17. The learned counsel for the appellant -Insurance Company submitted that the said mistake was due to the sheer negligence of the learned counsel for the Insurance Company before the Tribunal, for the said reason, the Insurance Company should not be saddled with the liability to pay the compensation. In the instant case, the Tribunal considering the xerox copy of the policy produced by the respondent No. 2 -Insurance Company, has come to the conclusion that there was liability on the part of the Insurance Company to pay the compensation. At a later stage, the Insurance Company has come to know about the tampering of the policy.
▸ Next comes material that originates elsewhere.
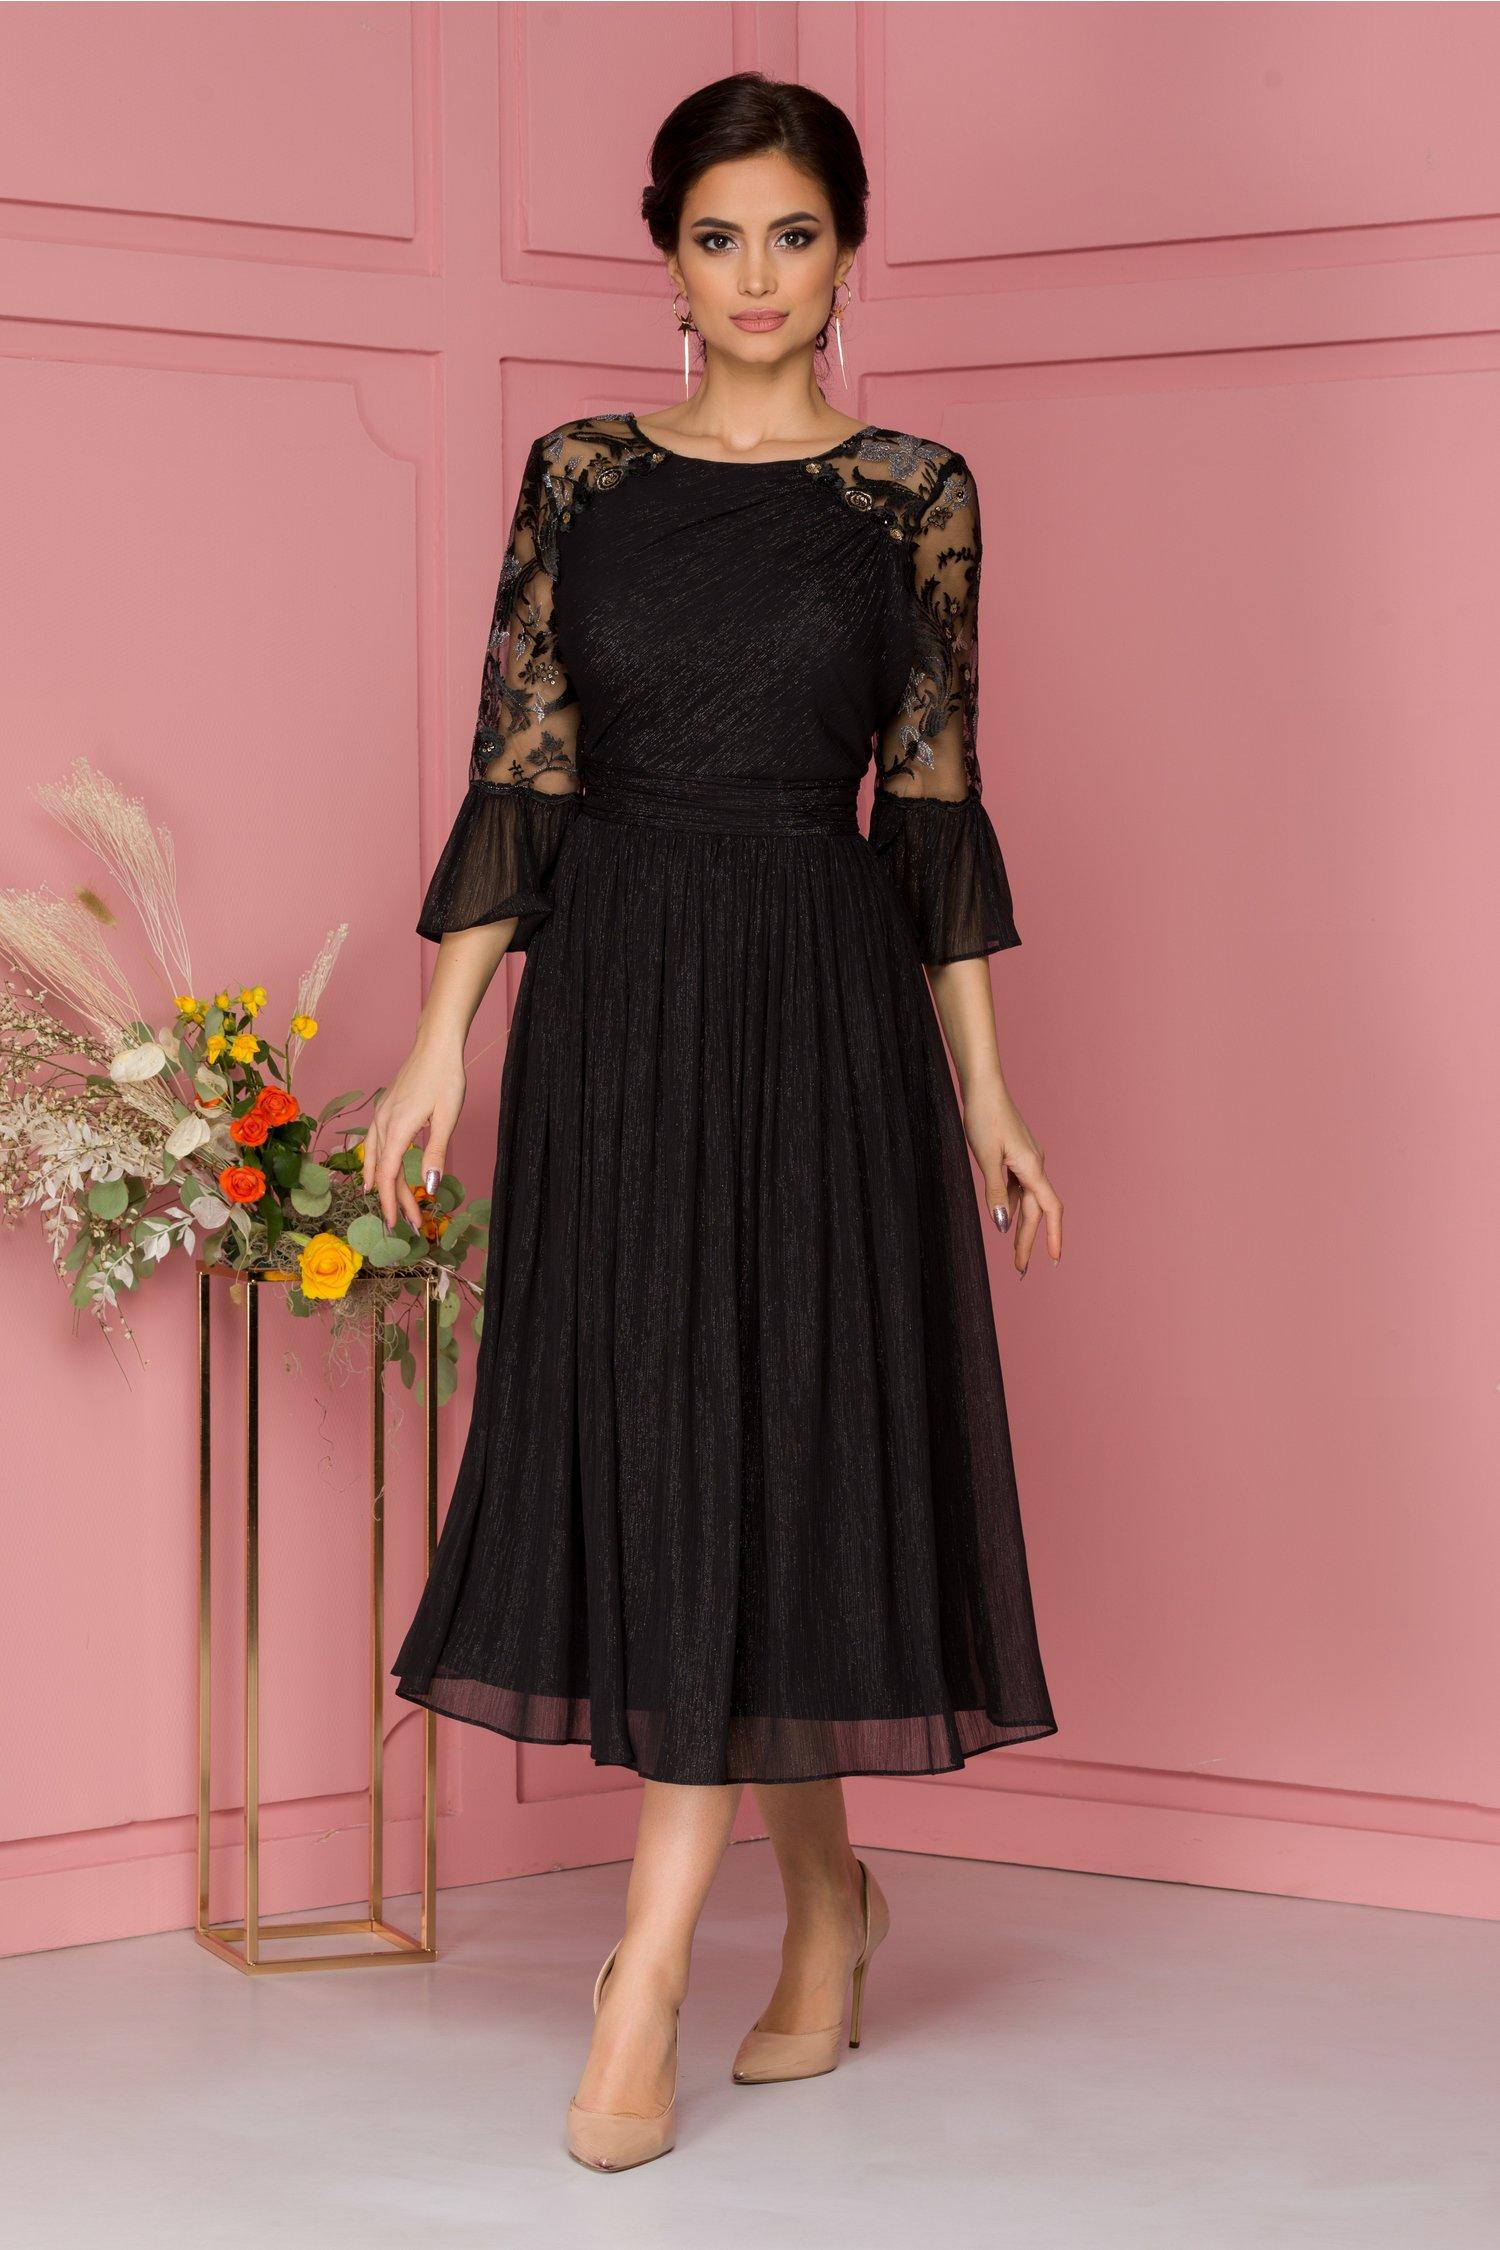 Rochie Leonard Collection neagra cu lurex auriu si broderie florala cu paiete

Thus, all these issues have to be considered if the Insurance Company is able to prove any fraud committed in producing the xerox copy of the policy by tampering the dates, or negligence on the part of the petitioners or respondents and the same shall have to be proved by initiating separate proceedings. The Insurance Company shall have to pay the compensation as ordered by the Tribunal and then recover the same from the respondent No. 1 or concerned parties in the event of succeeding in proving the fraud or tampering of the document. The finding given by the Tribunal directing the respondent -Insurance company to pay the compensation is based on the admission made by the learned counsel for the respondent along with photocopy of policy, as such the finding of the Tribunal is justified. Hence, the point is answered in affirmative. 18. For the foregoing reasons, this Court is of the opinion that there are no valid grounds to set aside the judgment and award passed by the trial Court. Accordingly, I pass the following: i. The Miscellaneous First Appeal is dismissed. ii. The amount in deposit before this Court shall be transmitted to the trial Court. iii. The appellant - Insurance Company is directed to deposit the balance compensation amount within eight weeks from the date of receipt of this judgment. iv. The parties to bear their respective costs.